Amtrak’s payday is on its way.

The $22 billion allocated to Amtrak as part of the $1 trillion bipartisan infrastructure bill President Joe Biden signed into law this week is the largest investment of its kind the passenger railroad company has received since it began operations five decades ago.

Amtrak’s budget is funded by revenue from tickets, alongside dollars from federal and state allocations.

This chart shows the $22 billion in Amtrak's infrastructure money, which will be distributed over the coming five years, and how it compares to the federal funding in Amtrak’s past. The $4.4 billion projected to be distributed in 2022 would be nearly 4 times the average yearly funding Amtrak has received.
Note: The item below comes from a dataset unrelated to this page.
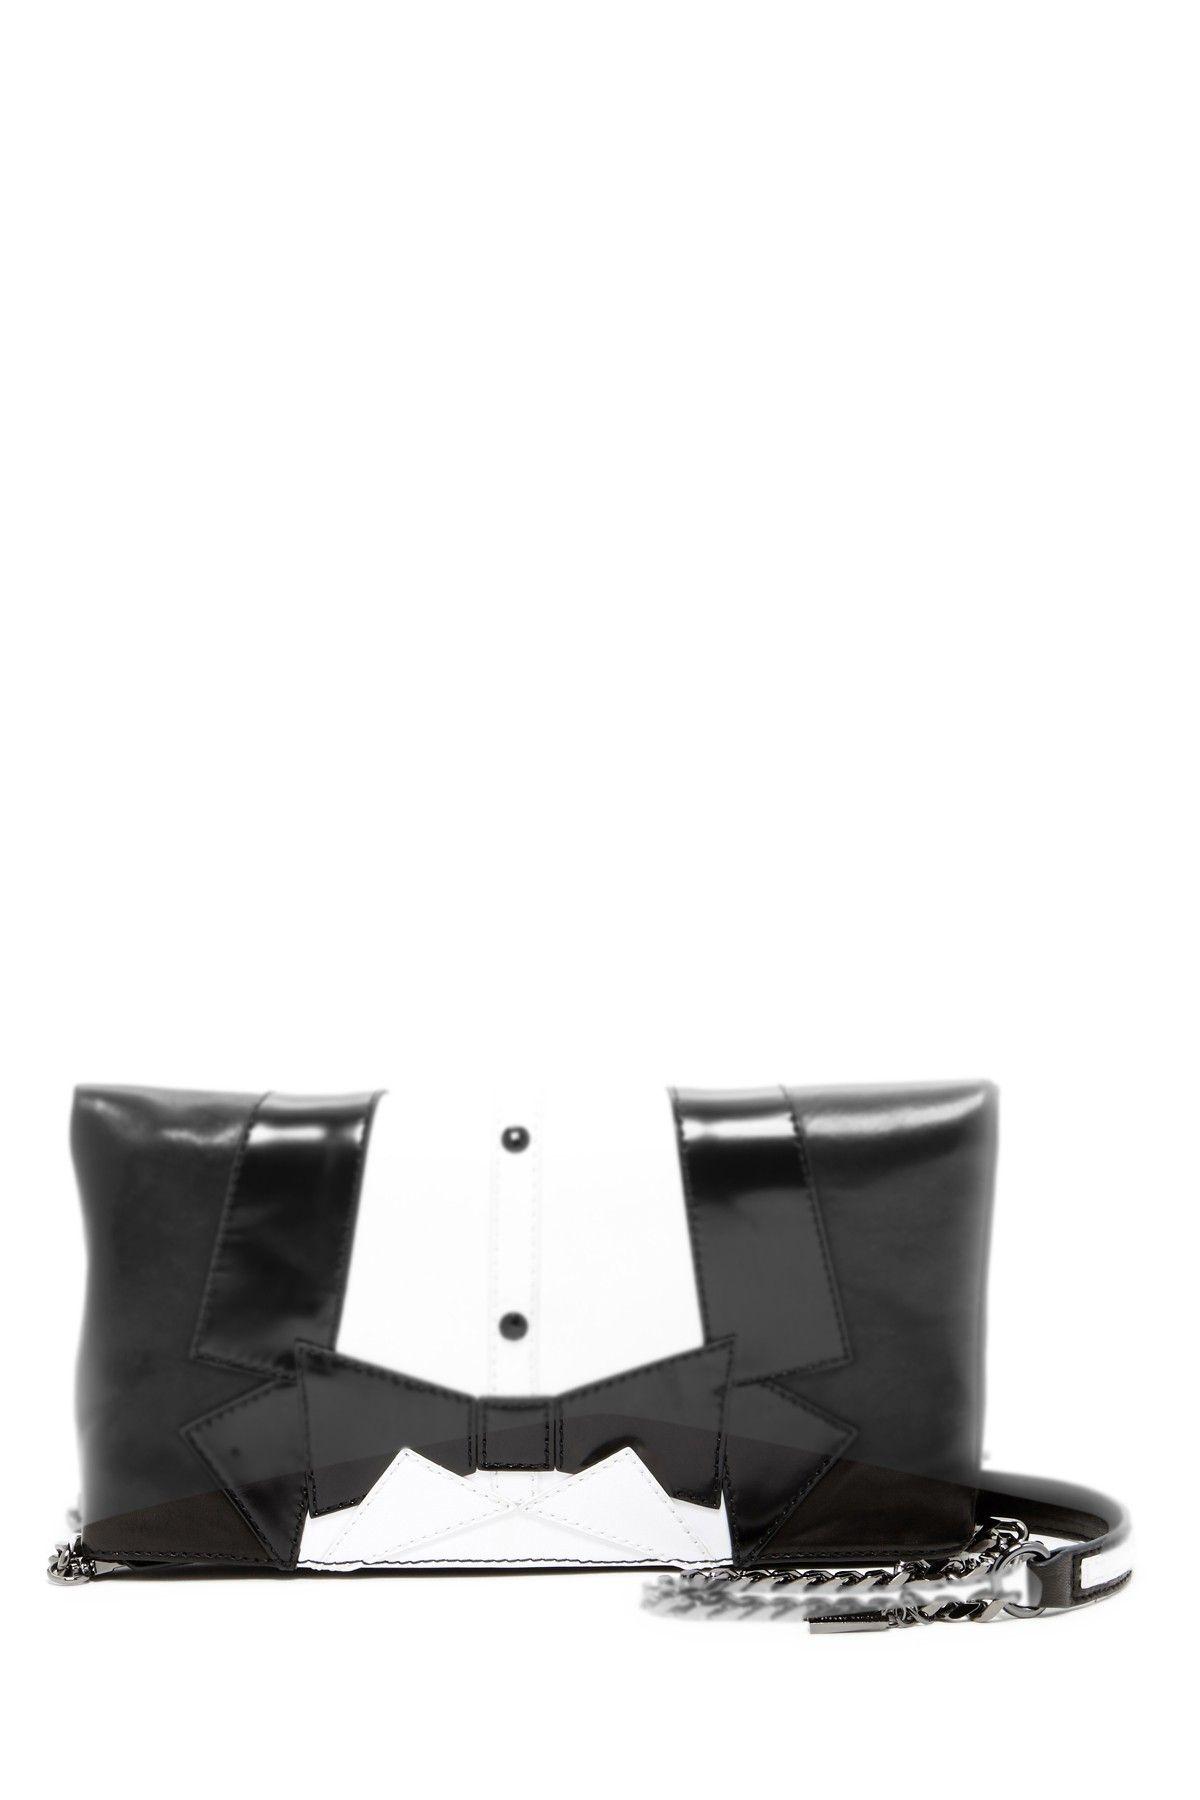 Tuxedo Me Leather Foldover Clutch

The company’s Northeast Corridor, home to its busiest and most profitable routes, stands to benefit from improvements outlined in the act. Amtrak’s leadership says the money will also be spent on possible service expansion, but some experts are skeptical that sustainable improvements will be possible given the high cost of building and maintaining rail transit.

“The price tag has become so high on some of these projects,” said Hani Mahmassani, director of the Northwestern University Transportation Center. “There are so many high-ticket items in there, in terms of bridges and tunnels and so on that you’re just not getting the bang for the buck.”

CORRECTION: (Nov. 17, 2021, 3:46 p.m. ET): A previous version of this article and graphic misstated how much Amtrak will get in federal funding from the infrastructure bill. The company will get $22 billion, not $66 billion.